I have been thinking a lot since I last wrote about how the topic of mental health is becoming more and more prominent in the press, in the media and in our general consciousness. Just last week there were two programmes on BBC Radio 4 about mental health, one of which explored the prevalence of mental health issues among students. I talked to a friend of mine recently who is a professor in art, and she said that mental health among students had reached an alarming level. She said that when she could, she would invite a student into her office, just so they could talk to her, and she would see that student visibly relax in front of her.
Changing modes of communication Why is this seemingly so much worse right now? I think it has an enormous amount to do with our changing modes of communication. This is how I see it: the ideal way of communicating with another human being is to be in front of that person, so we can see them, sense them and gauge their body language. This is a three-dimensional way of communicating. Talking on the phone would be a two-dimensional way of communicating, hearing that person’s tone of voice, sensing how they are and how you are both relating – the next best thing to meeting in person. (Skype, on this scale, is perhaps two and a half!) And then there’s one-dimensional communicating, which is everything else: emails, texts, messaging, social media. Handwritten letters don’t happen much anymore, but I would put them higher up than emails and texts, because they generally take longer to write, and the actual handwriting can give you a real sense of the person who’s writing.

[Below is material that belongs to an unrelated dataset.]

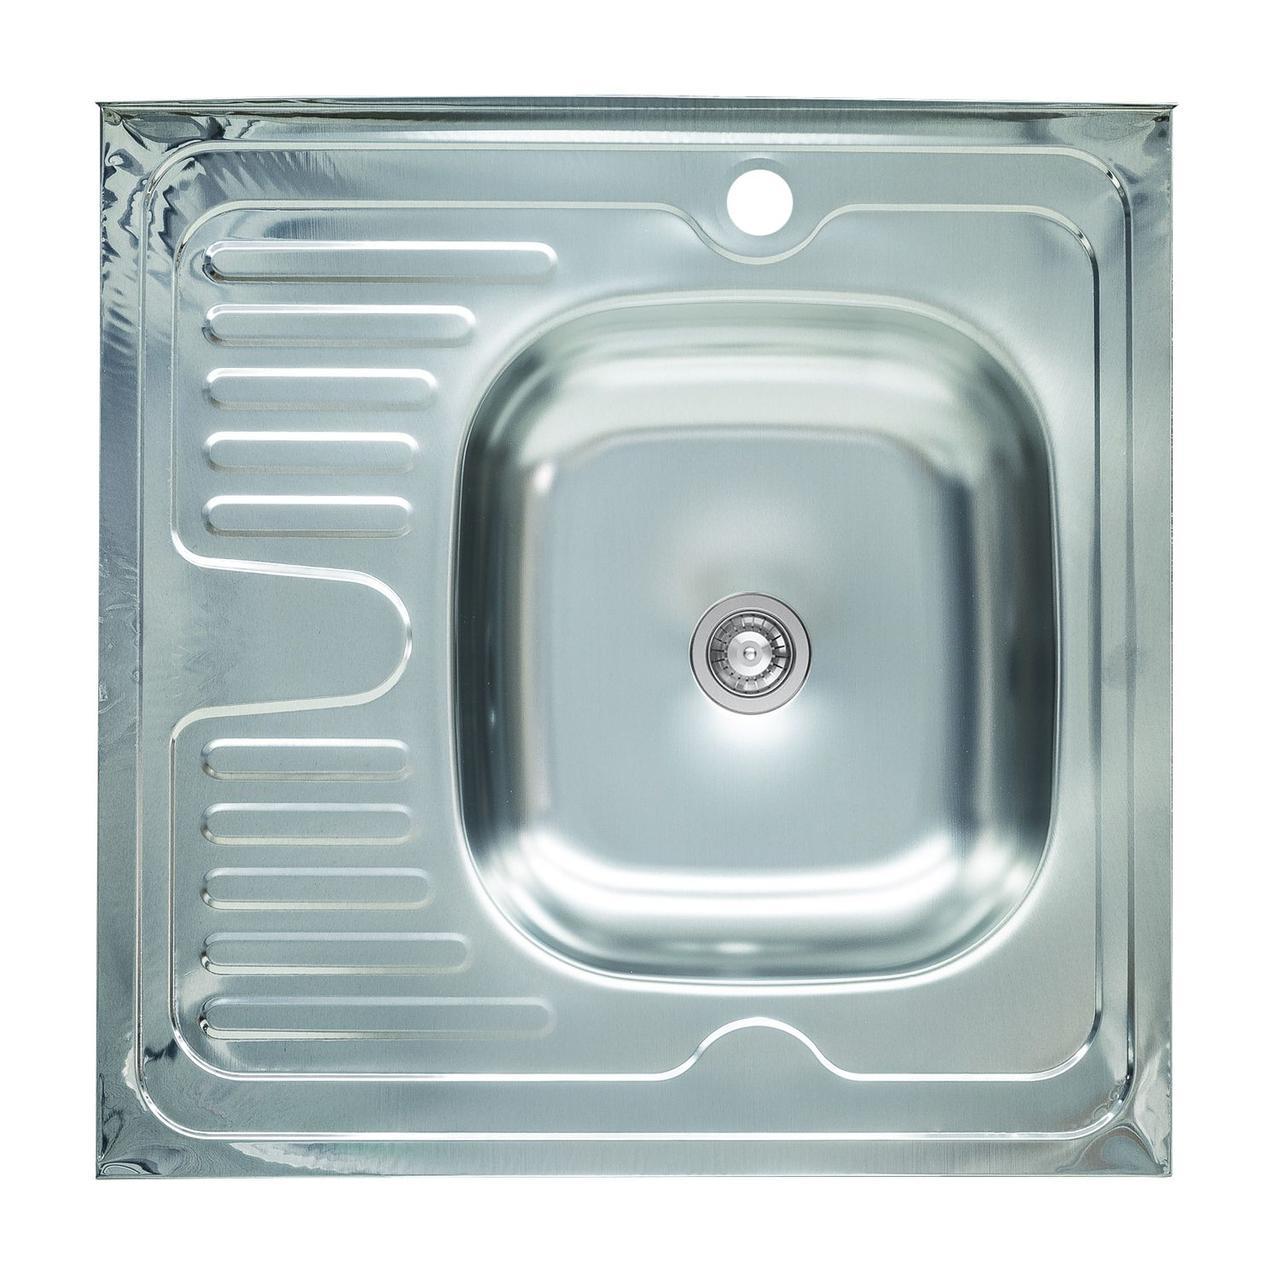 Мойка кухонная из нержавеющей стали Platinum 6060 R 0,4 / 120

It appears that the one-dimensional communicating is prized above all else. My 21-year old nephew told me that it is considered ‘abrupt’ among his generation to phone someone out of the blue (texting to see if it is a good time to call is now much more normal) and a number of my friends have said that they haven’t spoken socially on the phone for a couple of years. I am certainly aware of the etiquette that has come in over the last few years: texting is a good way of sending information to busy people so they can answer when they have time. That’s fine until you spend thirty minutes texting someone to communicate what you could sort out in five minutes if you talked to them! And then there are the texts, messages, emails that never get answered mostly because people are overwhelmed with the volume they have to deal with on a daily basis and are simply too busy. So, at a time when we have more modes of communication than any other time in history, we are in danger of becoming increasingly isolated and having less and less real connection with people. A book that I read recently, that I found illuminating on this whole topic and would highly recommend, is Lost Connections by Johann Hari.

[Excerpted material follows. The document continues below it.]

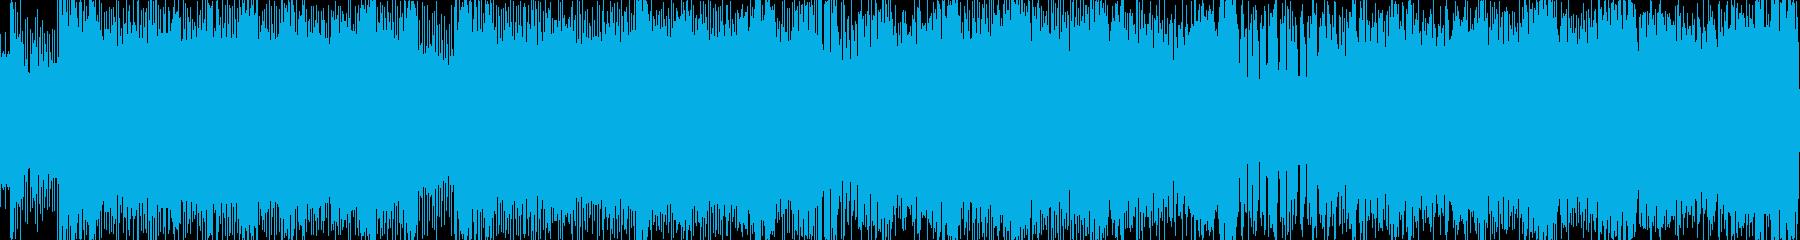 ロックハードギターバトルBGMループの再生済みの波形

Presenting ourselves as ‘perfect’ Something that has come about from the phenomena of social media in particular is the way that we present ourselves on the internet. How many times have we seen bright, happy photos on Facebook and Instagram in particular giving the impression that person is on the top of the world when the reality may be very different. I’ve done it too. I’ve even done it in these newsletters. I am genuinely excited by all the wonderful work that is coming my way, but that doesn’t take away from all the challenges I face, as do most of us. Over the last six months, my own personal challenges have been big and difficult at times to navigate. I know that I will move through this particular phase and that everything I’ve discovered and learnt will be put into the melting pot for all the musicians I work with, so it is all of value – for them and for me!
And performance anxiety among musicians? So where does that leave us generally with the issues of performance anxiety and everything that gets in the way of performing at our best as musicians? I think both issues are incredibly relevant. Performance anxiety often comes about through self-consciousness: Am I good enough? What will they think of me? When musicians realise that they don’t need to be perfect, that being perfect is impossible, they can relax more in their pursuit of high standards and in their expression. The feedback I get most often from students and musicians in general is that they feel understood. This goes back to the issue of connection and our essential human need for it. If in this brave, new world of communicating, we can as teachers, coaches and/or performers, enable our students, our fellow musicians and ourselves, to feel seen, heard and valued, we will have contributed something very important to the world of music and the musicians who perform it: real and meaningful connection.